Перед тем как уйти, я протираю его фотографию рукой. На ладони остаются грязные разводы. Он смотрит сквозь меня своими серебристыми, цвета ноябрьского неба, глазами.
Прощай, Мачуча. Прощай.
Хаддум
Старую Хаддум все так и называли – Старая Хаддум. Не из-за почтенного возраста – два года назад внуки с помпой отметили ее восьмидесятилетие, а из уважения. Старый – значит, мудрый. С датой юбилея вышла закавыка – в начале двадцатого века метрики детям, рожденным в ее каменной берберской крепости, выписывали сильно позже их рождения, а замученные бессонницей матери не очень помнили, в какой день и месяц они родили своего очередного ребенка, поэтому в ее свидетельстве стояла следующая запись: «Хаддум Лааллюш, пятая дочь Исмаила Лааллюша и Бушры Алауи, рожденная в сезон проливных дождей, на третий день месяца джумада аль-уля».

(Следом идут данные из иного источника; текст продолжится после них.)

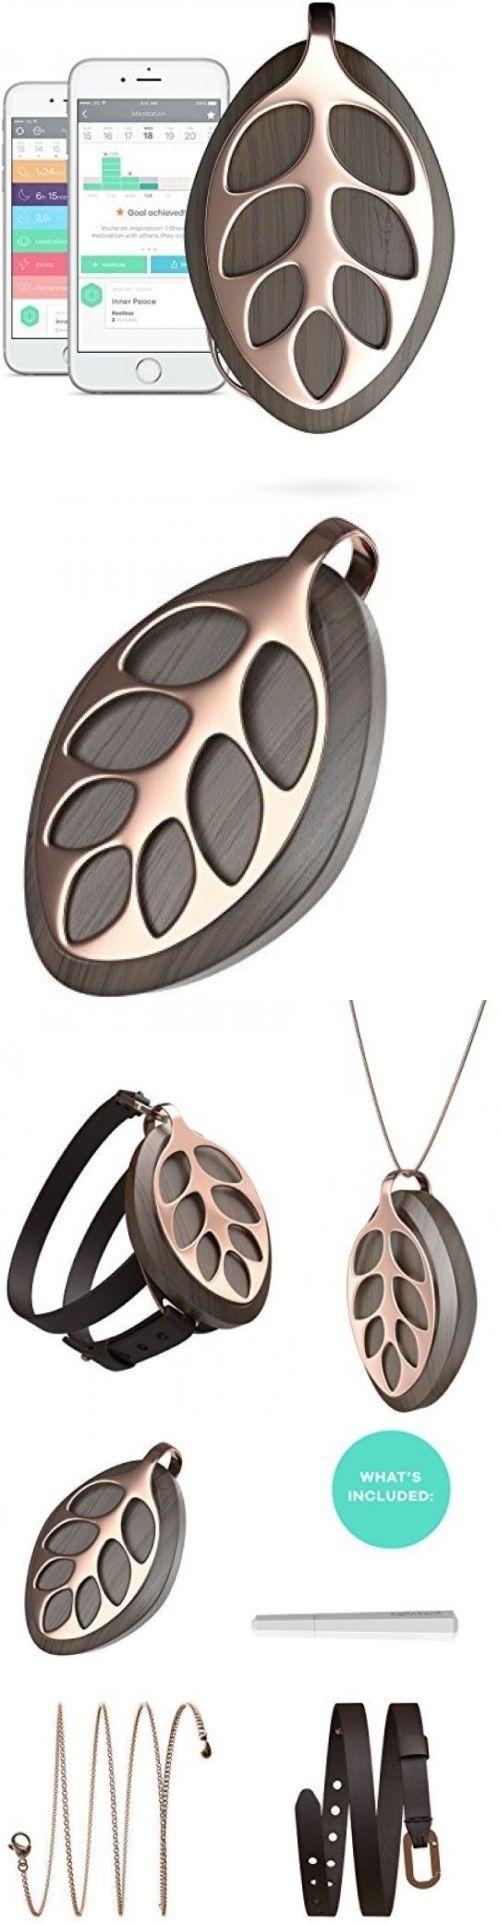 Pedometers 44077 Bellabeat Leaf Health TrackerSmart Jewelry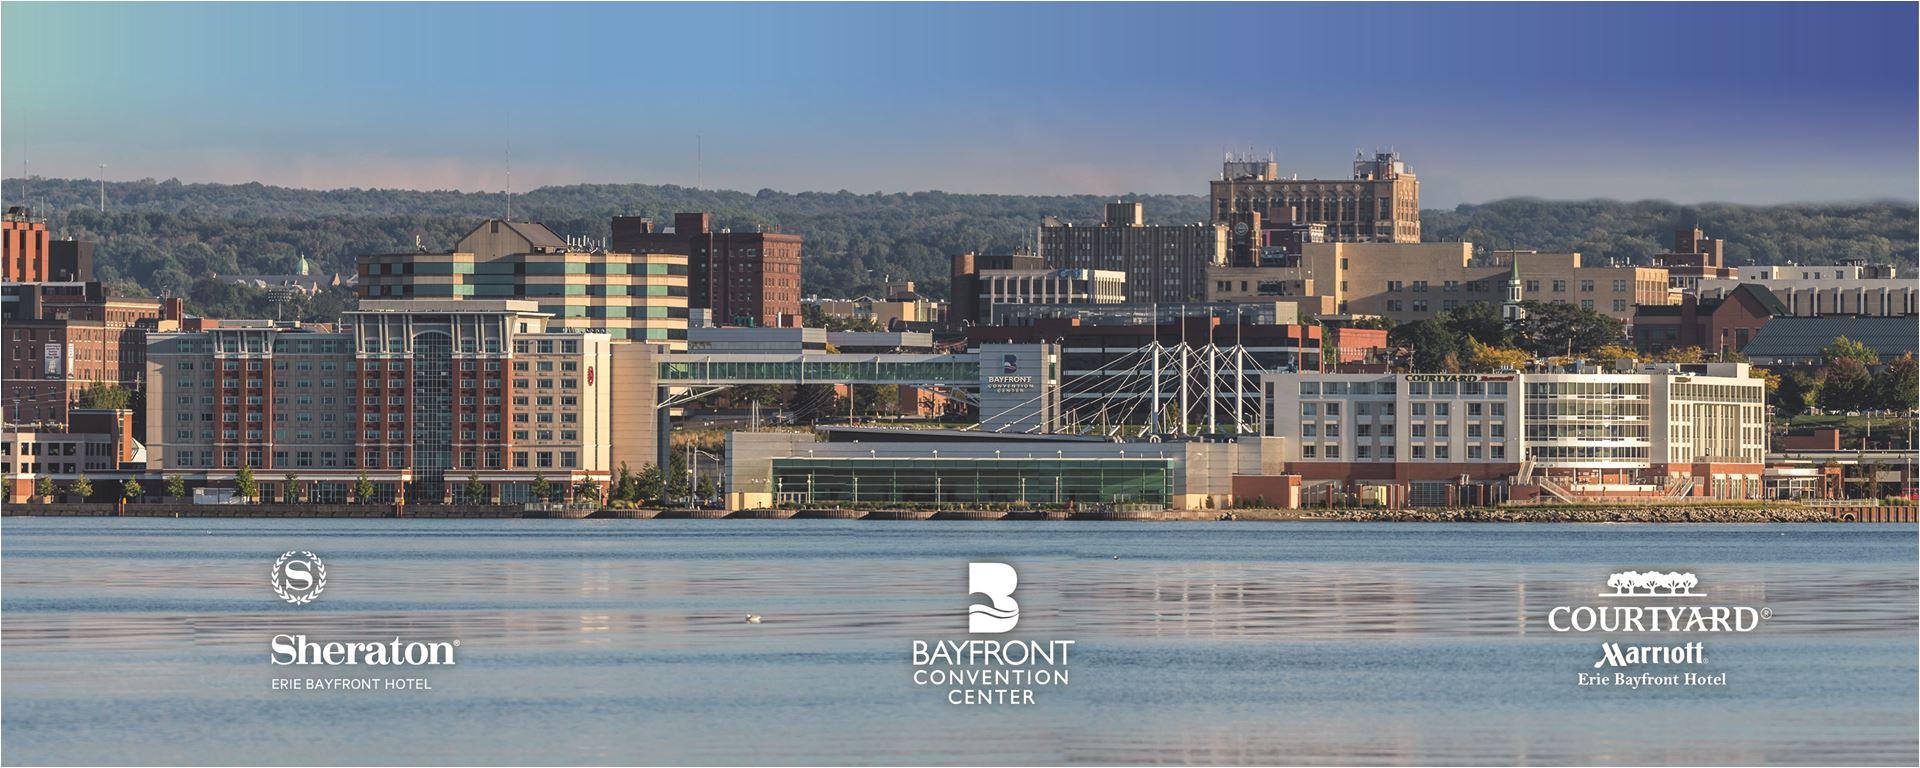 photo credit erie bayfront convention center

В паспорте, выданном пятидесятилетней Хаддум уже в послевоенные годы, значилась взятая с потолка дата 28 декабря 1903 года, но затеявшим юбилейное празднество внукам важно было вычислить правильный день рождения своей почтенной родственницы. Открутив в обратном направлении колесико лунного календаря и порывшись в архивных документах и вековой давности газетных статьях, они вычислили приблизительную дату. Если верить расчетам, случилось это 5 января 1905 года – на два года и восемь дней позже даты, указанной в метрике. И тут перед озадаченными потомками встал вопрос, когда же отмечать юбилей, потому что состояние здоровья Хаддум ухудшается, и есть большая вероятность того, что до настоящего своего восьмидесятилетия она не доживет. После долгих раздумий было решено отметить праздник по паспортной дате, но если Аллах позволит Старой Хаддум дожить до истинного ее юбилея, то можно будет отметить его еще раз, с неменьшей, а то и большей помпой.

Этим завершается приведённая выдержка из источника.